The chasm between law and anarchy

Ruth Marcus asks: “Will the Supreme Court add to campus turmoil?” That’s the title of her op-ed and also her concluding thought, which she addresses specifically to Justice Kennedy.

Consider this the latest example of liberal journalists trying to shame this or that justice into toeing the liberal line.

Marcus claims not to be “a fan of the current wave of college protests.” Yet, she isn’t above using the protests to influence the outcome of a legal proceeding before the Supreme Court. It seems to me that she’s calling for a mob veto over constitutional interpretation.

Marcus begins her piece this way:

Watching the racial ferment on campuses nationwide, and listening to the Supreme Court consider the charged topic of affirmative action, exposes the gulf — the chasm, really — between the difficult reality of race relations on campus and the out-of-touch, aggrieved perspective of the conservative justices.

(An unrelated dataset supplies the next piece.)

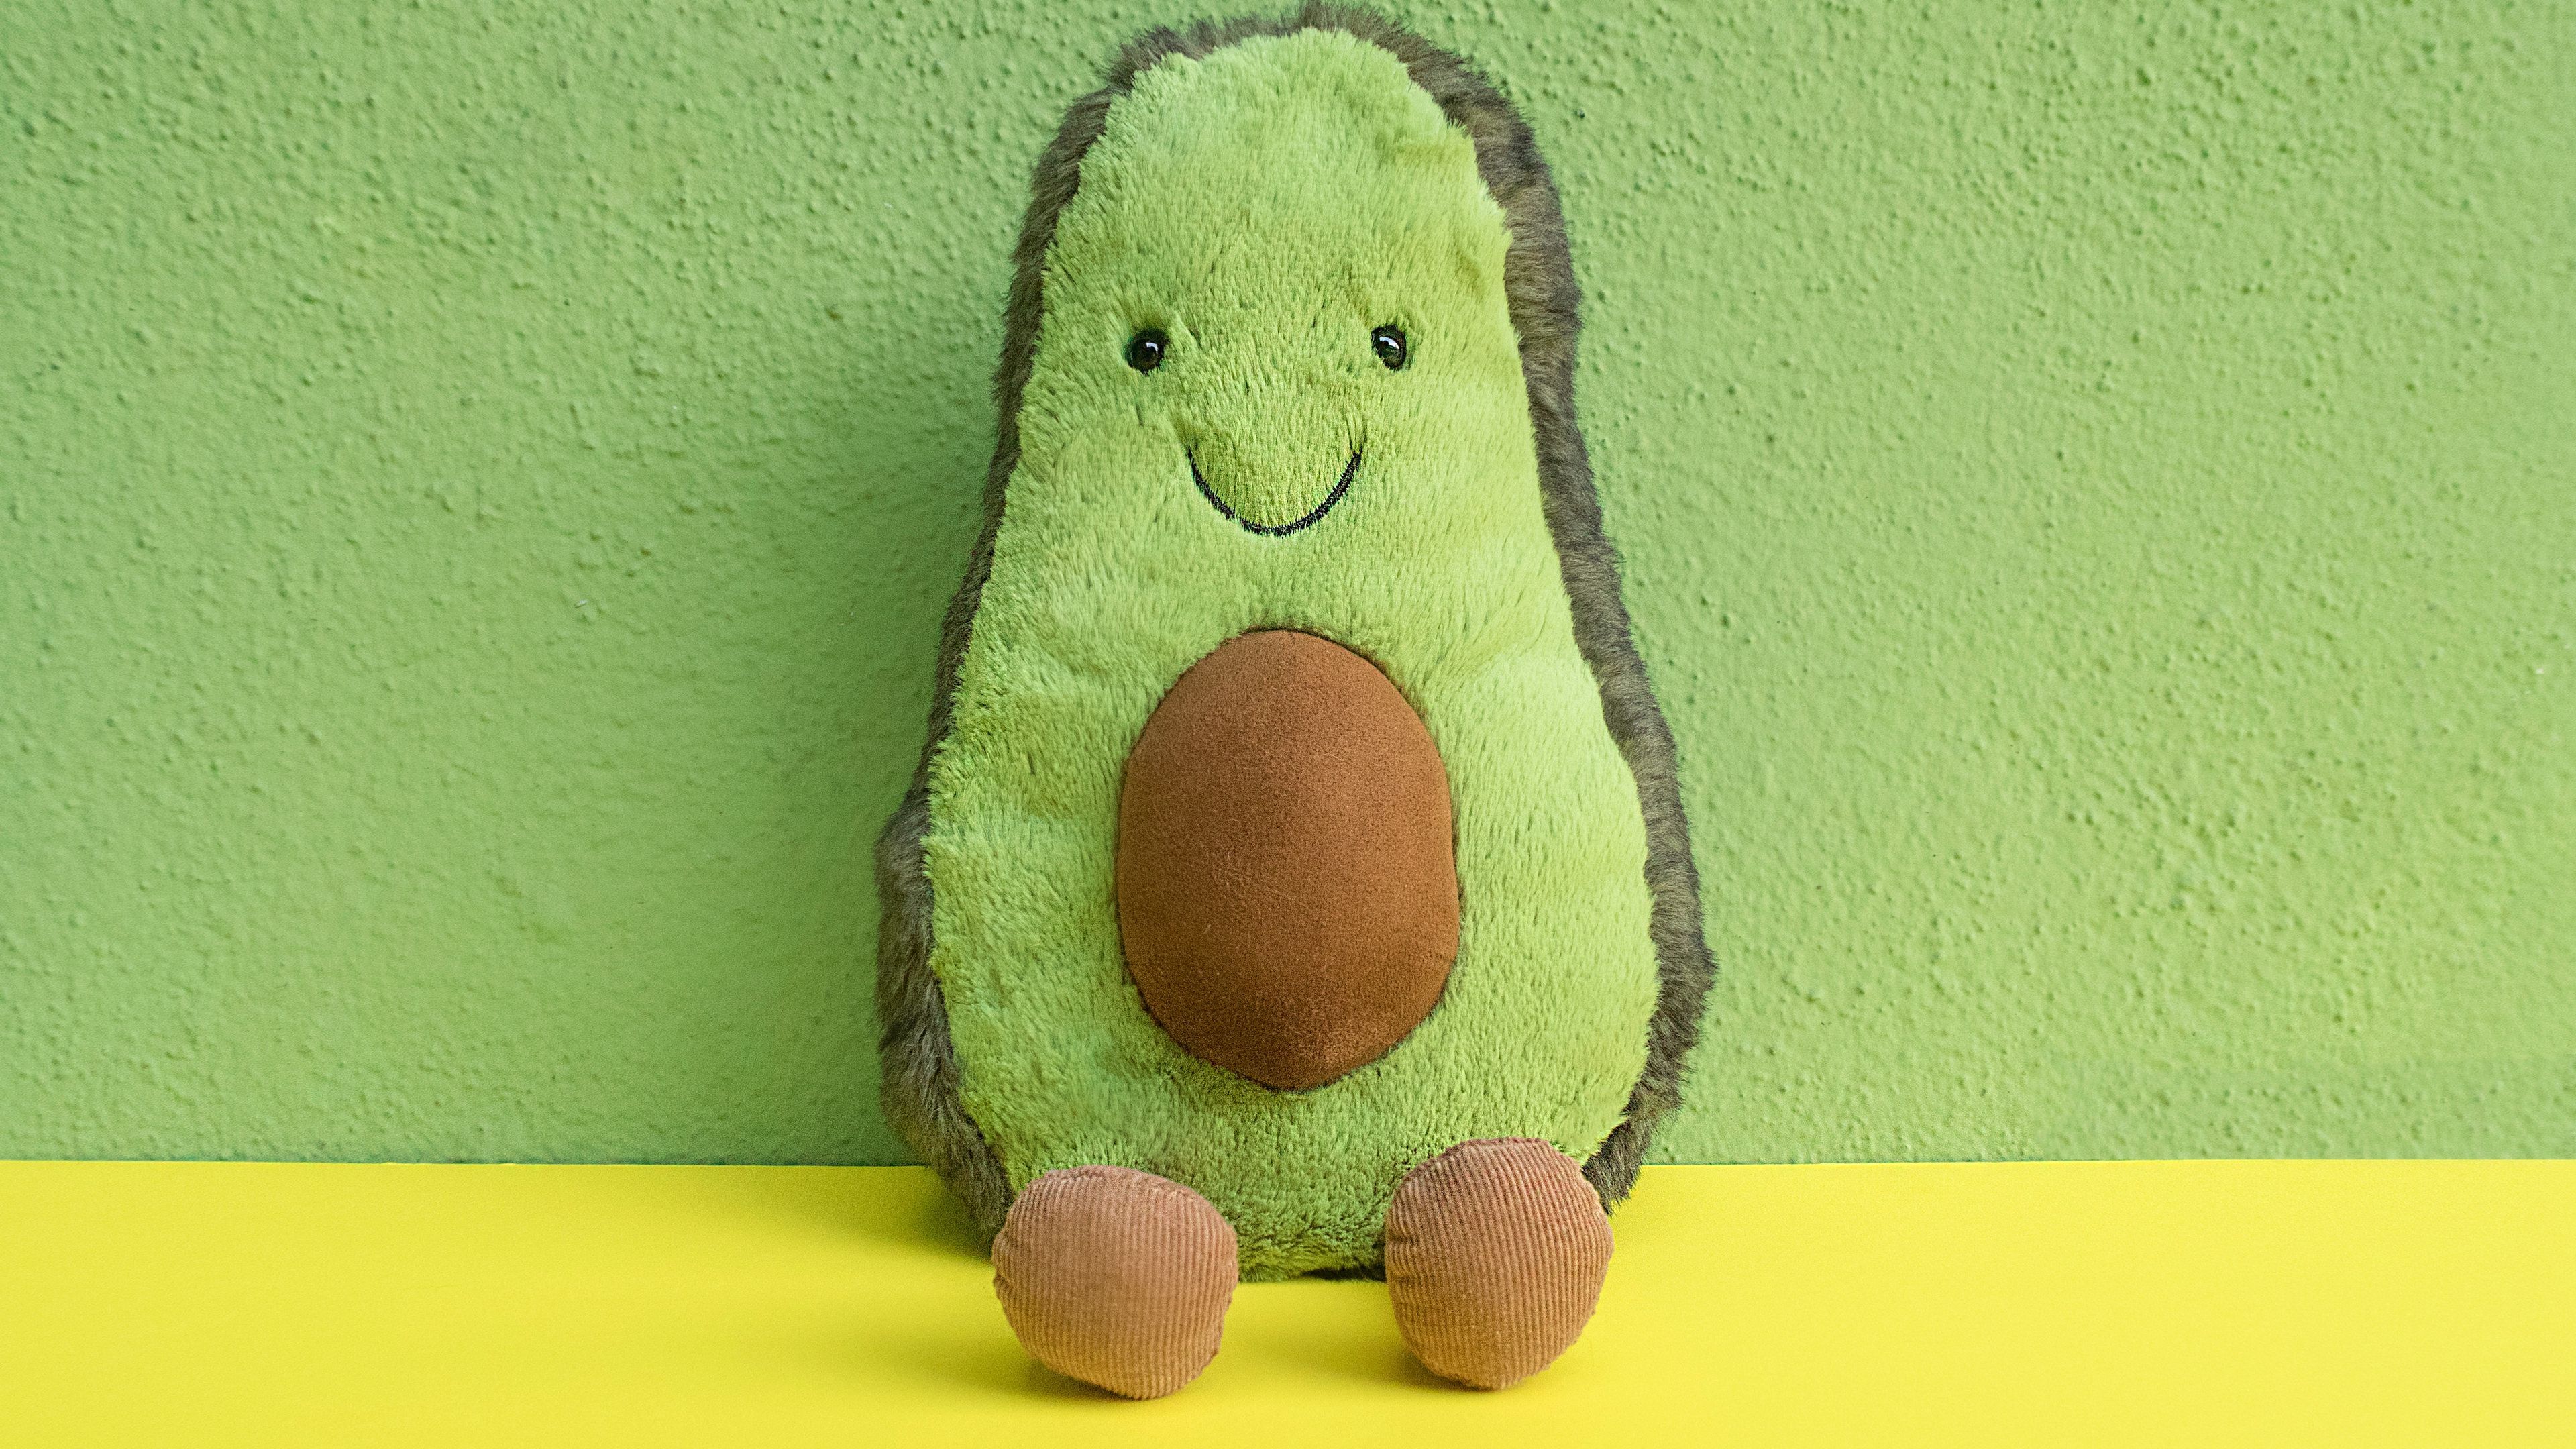 Download wallpapers 3840x2160 toy, teddy, avocado, cute, green 4k uhd 16:9 hd backgrounds

Are the conservative Supreme Court justices really out-of-touch? There is no evidence that the American public has any sympathy for the “racial ferment on campuses nationwide.” There is no good evidence that it supports the way in which universities use race to admit black applicants over white applicants with vastly better credentials. When put to the test at the ballot box, the principle of colorblindness has routinely triumphed to the detriment of racial preferences in college admissions.

What is Marcus’s evidence that, on this issue, the conservative justices are out-of-touch with anything other than leftist ideology and the loudly expressed views of black students who, as a group, are admitted into colleges they couldn’t attend if decisions were based purely on merit? She notes that Chief Justice Roberts asked “what unique perspective. . .a minority student bring[s] to a physics class.” But Roberts was simply pointing out how out-of-touch with reality the premise of the ideology of diversity is.

Marcus also cites Justice Scalia’s questions about whether minority students with credentials that don’t match that of the student body would be better off competing with similarly-credentialed students at a less elite institution. Marcus doesn’t explain why this query is out-of-touch. In fact, it invokes careful research on the subject of “mismatch.” It’s about as “real world” as you can get on the topic.

Instead, Marcus sniffs that this is a judgment for university officials or the state legislature, not unelected judges, to make. But university officials and legislators aren’t permitted to engage in unlawful racial discrimination. And if the only thing that might save preferences from being unlawful discrimination is an alleged educational benefit, then it is fair to ask whether minority students are harmed or benefited by racial preferences of the magnitude used these days, and to put the burden of proof on those who would make admissions decisions based on skin color.

Marcus says that, though she’s not a fan of black lives matter style campus protests, they are based on a “sincere sense of hurt and alienation.” How does she know that this alienation isn’t the result, in significant part, of attending a college that’s a bad match?

In any event, the Supreme Court’s job is to be “in touch” with the law — in this case the Constitution — not with a particular group’s sense of alienation, whatever its cause. Often, there will be a divide between the law and people with grievances. When the conduct of those with grievances veers towards anarchy, the divide may become a chasm.

A judge who seeks to close the chasm by fudging the law, does our system of government great damage.